On August 29th 2007, the great man watched as the wraps came off his statue in Parliament Square. Fleetingly I thought of other statues of leaders. How size certainly does matter. How art and politics can not be kept apart, any more than sport and politics could be kept apart in an earlier South Africa. How the downing of statues can be as symbolic an act as their erections.

Nelson Mandela doesn’t need a statue

He already is an awesome world-figure, destined for his place in the history of the 20th Century. There may well be revisions to the story. There always are. Human-scaled blemishes will be revealed to enrich the tale of his role in the struggle of his country on what he termed a long walk to freedom. Enriched by evidence of weakness, temptations yielded to … Otherwise, the deification process will have succeeded in eliminating the personality behind the icon.

I was immensely moved by Mandela’s story written down in his autobiography. I go back to it from time to time. I remain in awe of what he communicated about his time in prison.

‘Even in the grimmest times … I would see a glimmer of humanity in one of the guards, perhaps just for a second, but that was enough to reassure me and keep me going. Man’s goodness is a flame that can be hidden but never extinguished’.

With Mandela, the process is reversed. In his every public action his ‘goodness’ shines through. We search for that second of wilfulness and vengefulness that seems forever hidden. For from diminishing his achievements, I feel this will enrich them by connecting them more strongly to the wider human world of weakness and frailty to self-service.

The Charismatic Leader

The idea of the great charismatic leader is coming increasingly under scrutiny. Leadership scholars have largely discarded earlier ideas of the heroic leader, or at very least challenged them. In the 1980s, a tamed-down version of charisma was proposed, as the transformational leader. More recently, the expression post-charismatic leader has emerged, from theological and secular sources.

In this context, Nelson Mandela and his story deserves the closest attention. He may be the exceptional case which tests a wider concept. Classical leadership theory would suggest that the course of history was fundamentally influenced by the actions of the great leader.

An excellent recent biography by Professor Lodge adds to several authorized biographies, as well as Mandela’s own accounts. It suggests that Nelson Mandela was

Especially sensitive to the imperatives for acting out a messianic leadership role during his [time as a guerrilla commander] …deliberately constructing a mythological legitimacy.. to engender hopes that salvation would be achieved through heroic self-sacrifice

.

Did the charismatic leader make a difference? The more you dig, the more complexities emerge. Whether you read to challenge the idea of the great leader, or to challenge it, read for yourself.

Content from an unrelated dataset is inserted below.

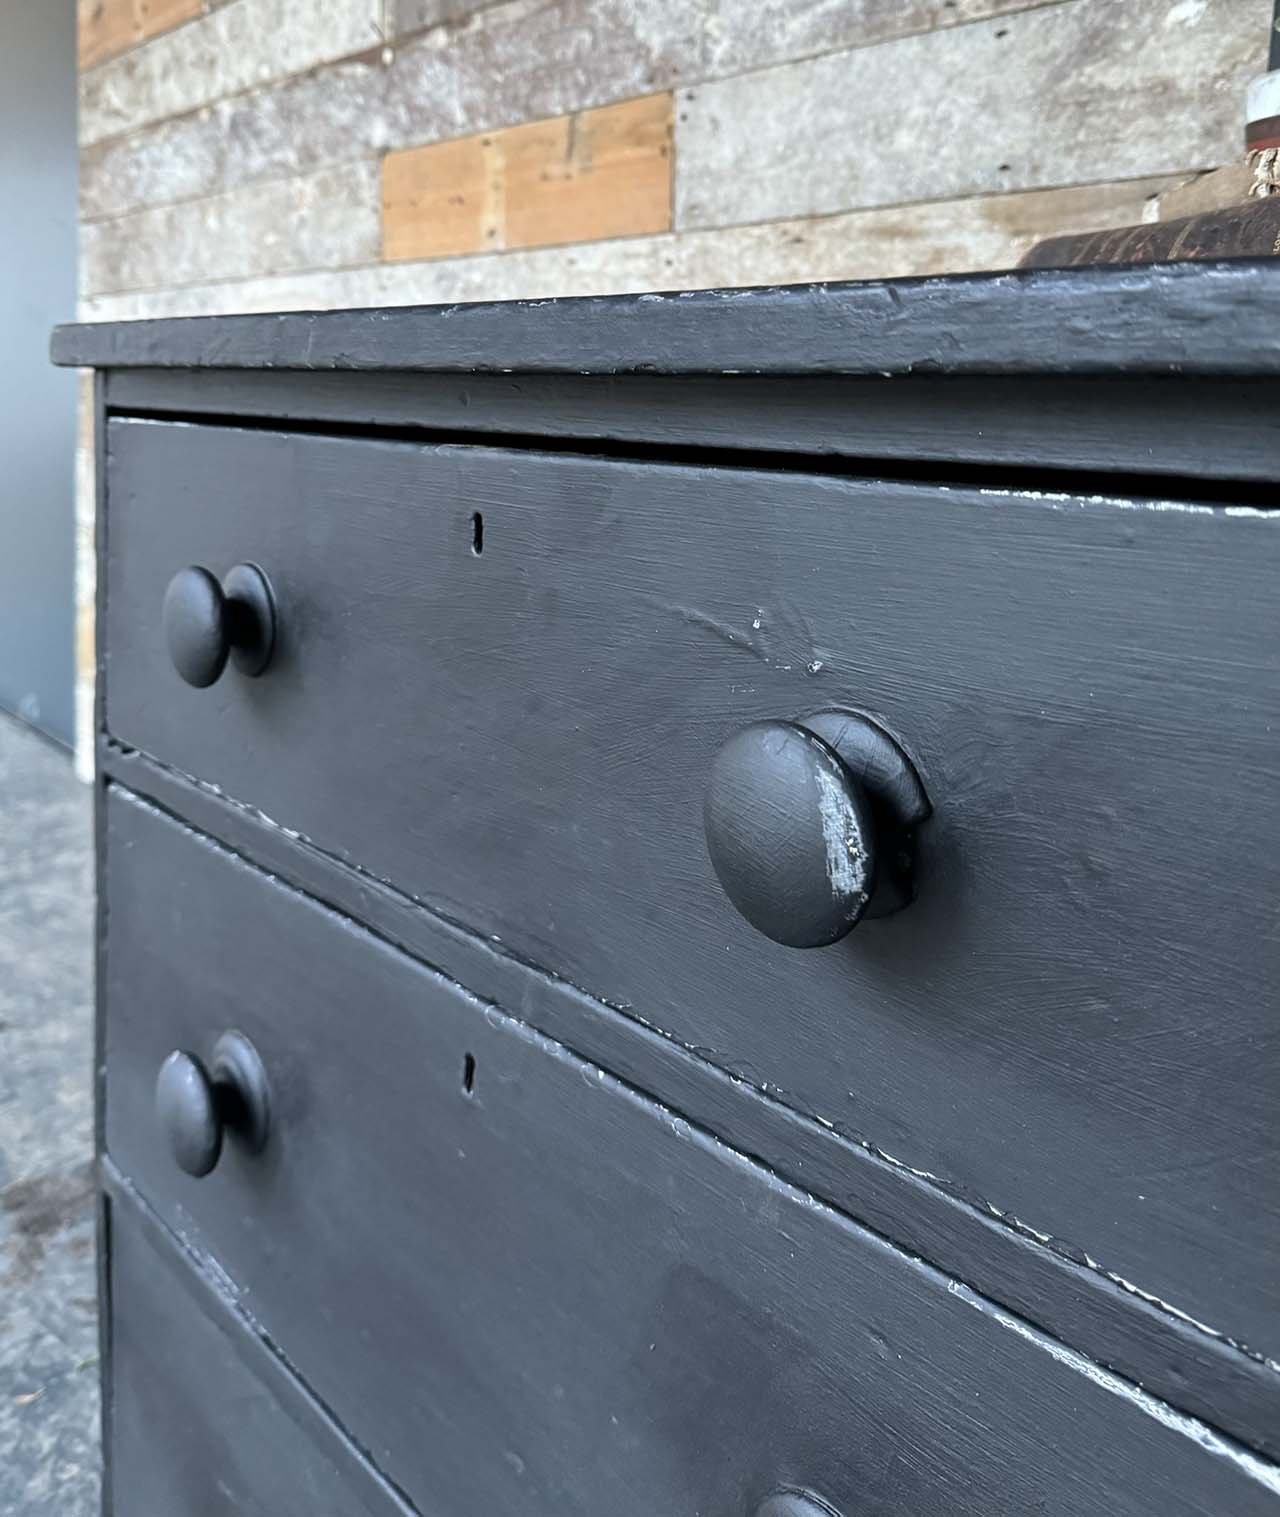 Deep Victorian Chest of Drawers

Look on my works, ye mighty and despair

Today’s story of the tribute in Parliament Square is more of an ironic tale. One version might run as follows.

The idea of erecting a statue to Nelson Mandela has been around for over a decade. There was (and still is) a highly suitable place in Trafalgar Square, which has four plinths for monumental pieces. Three are occupied with military and monarchic figures. The fourth would be particularly appropriate as it is close to the South Africa House, focus of so many ‘Free Nelson Mandela’ demos during his imprisonment on Robben Island.

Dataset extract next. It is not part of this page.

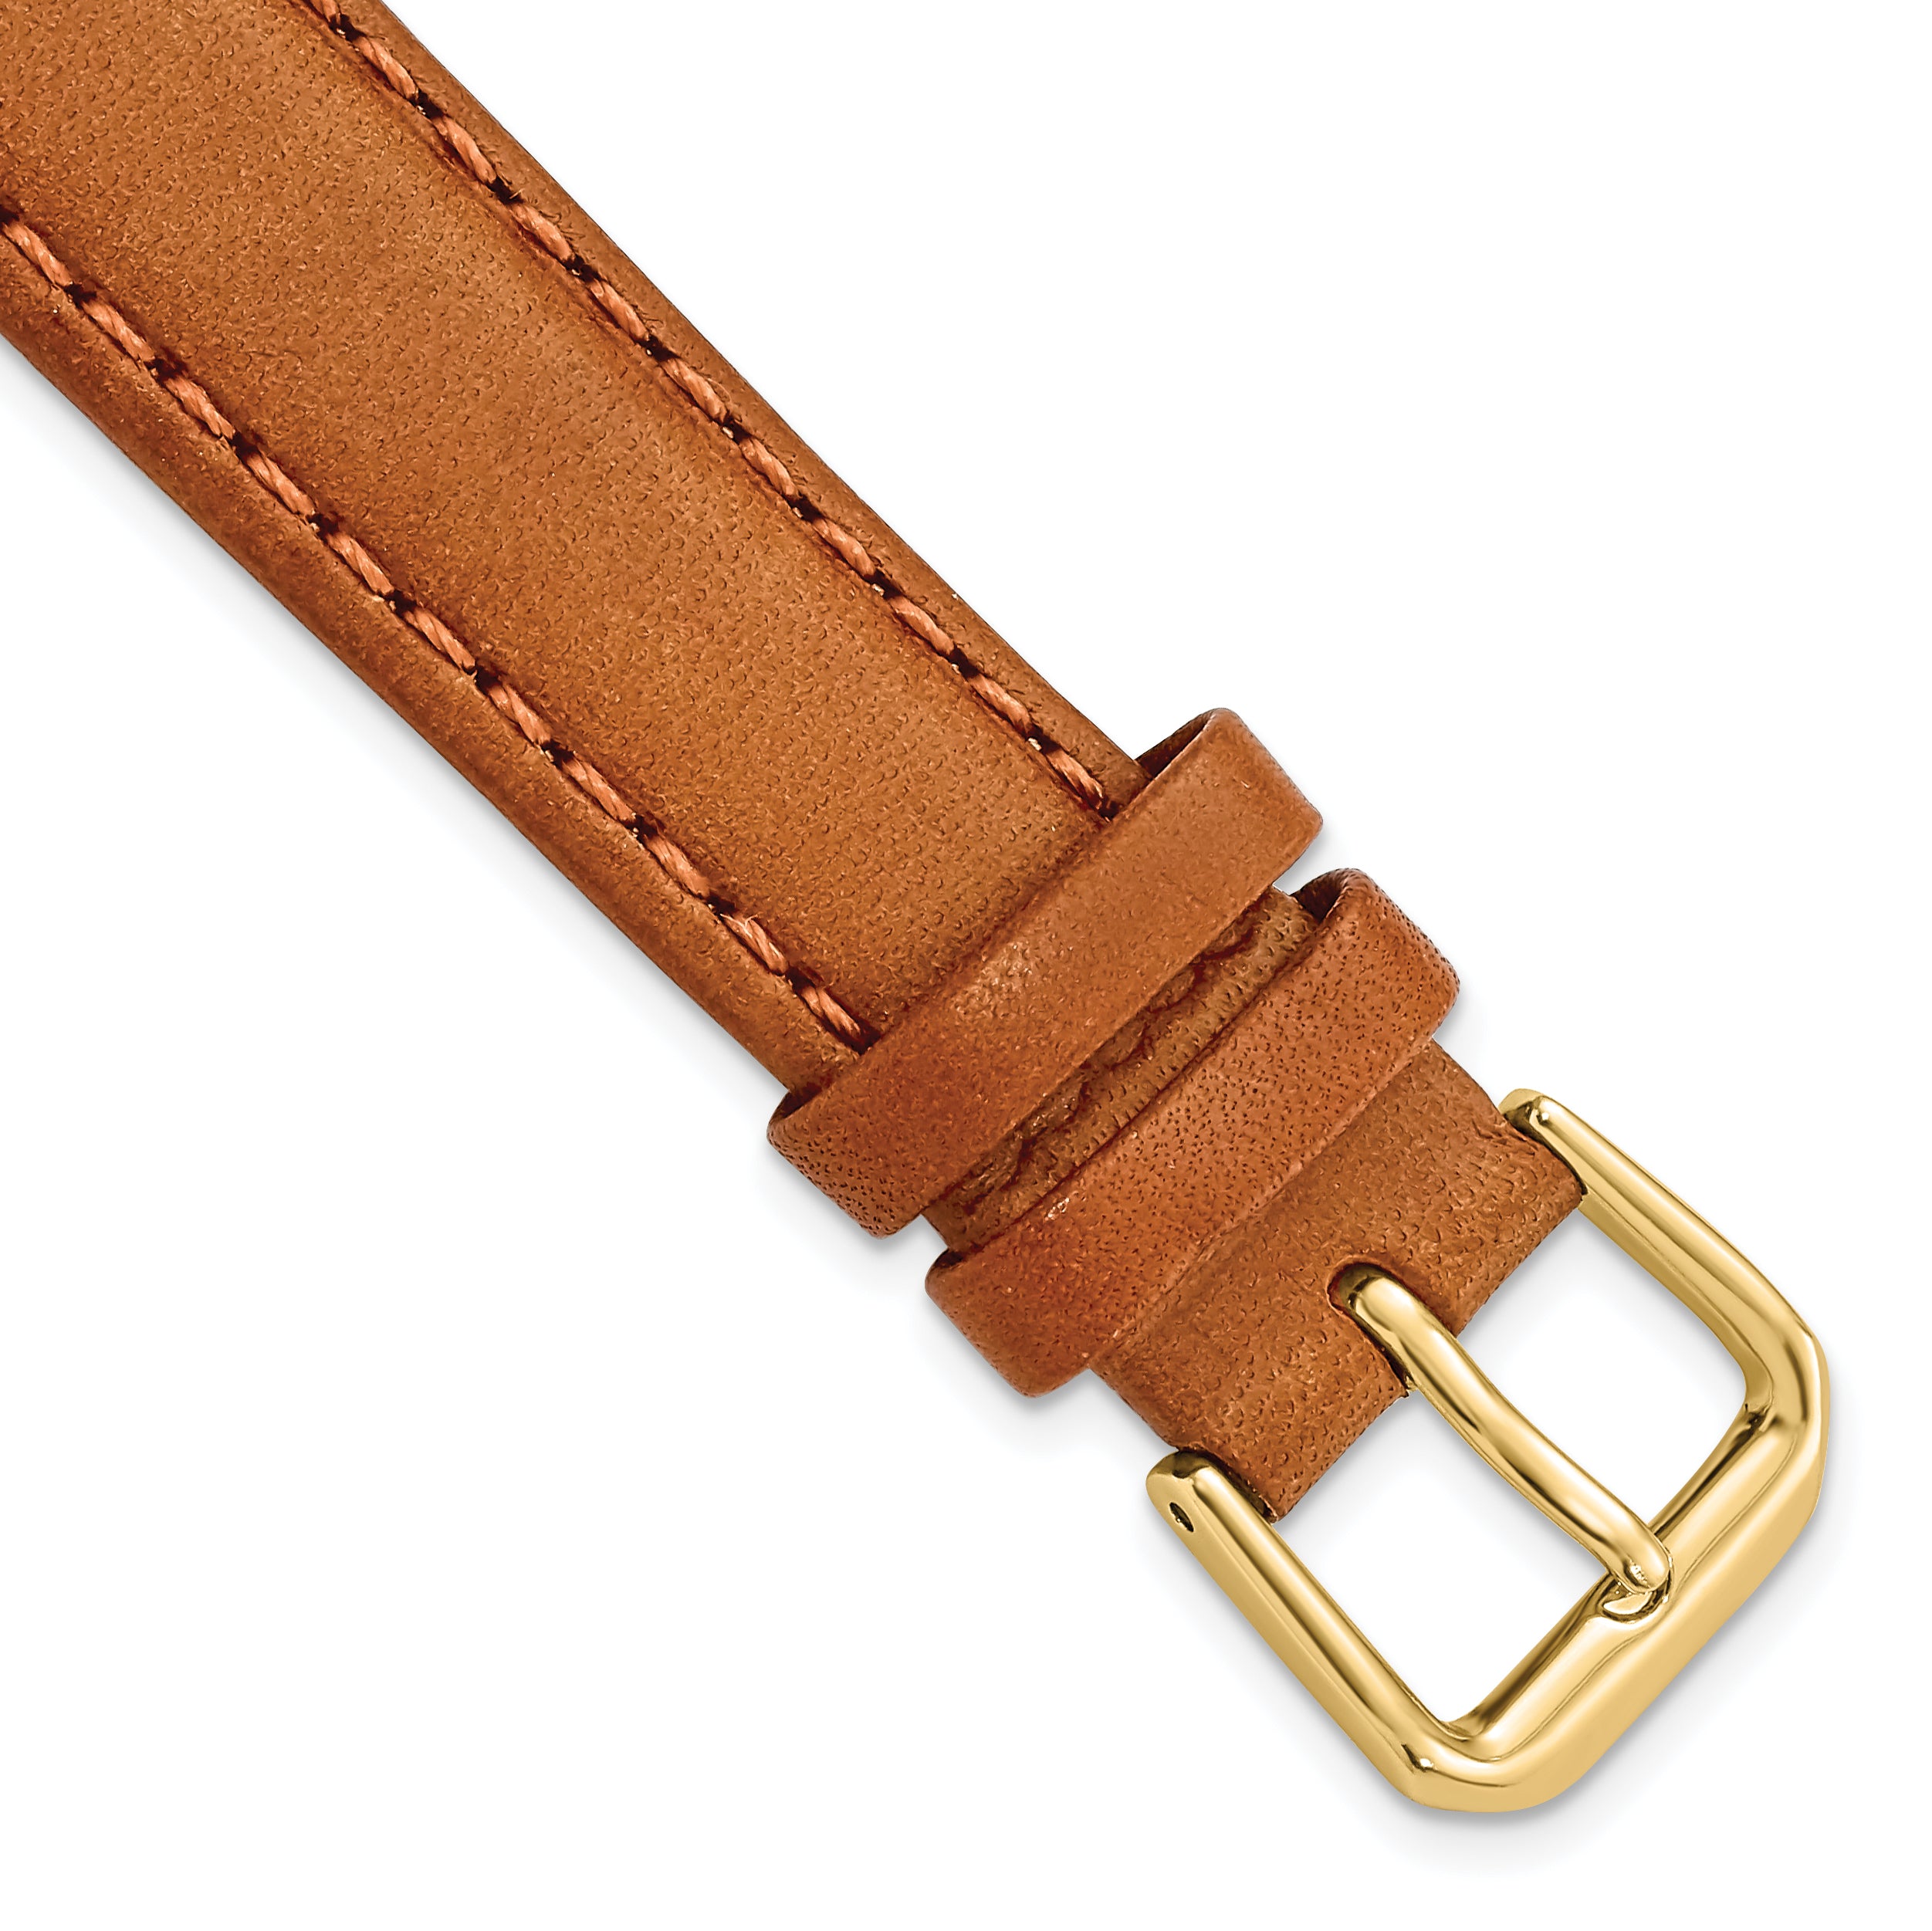 DeBeer 16mm Havana Italian Leather with Gold-tone Buckle 7.5 inch Watch Band

When the public was invited to suggest appropriate images, For some while, a favored image was of a piece which would celebrate animals in wartime service. Nelson Mandela was among other front runners together with The Queen, Margaret Thatcher, Lady Diana, as well as long shots such as David Beckham, Winnie the Pooh, and a very large Pidgeon, (capturing one of the more intrusive visiting groups that flock to Trafalgar Square).

The fund-raising ran ahead of the official decision, and the statute commissioned was considered too massive for the original location. Eventually the political pieces fell into place, and Nelson Mandela’s image was unveiled at Parliament Square, rather than close by to that other Nelson atop his column in Trafalgar Square.

What the poet says

Trust the poets to have something interesting to say. Anyone with a taste for such things will find something in Shelley’s words I borrowed above.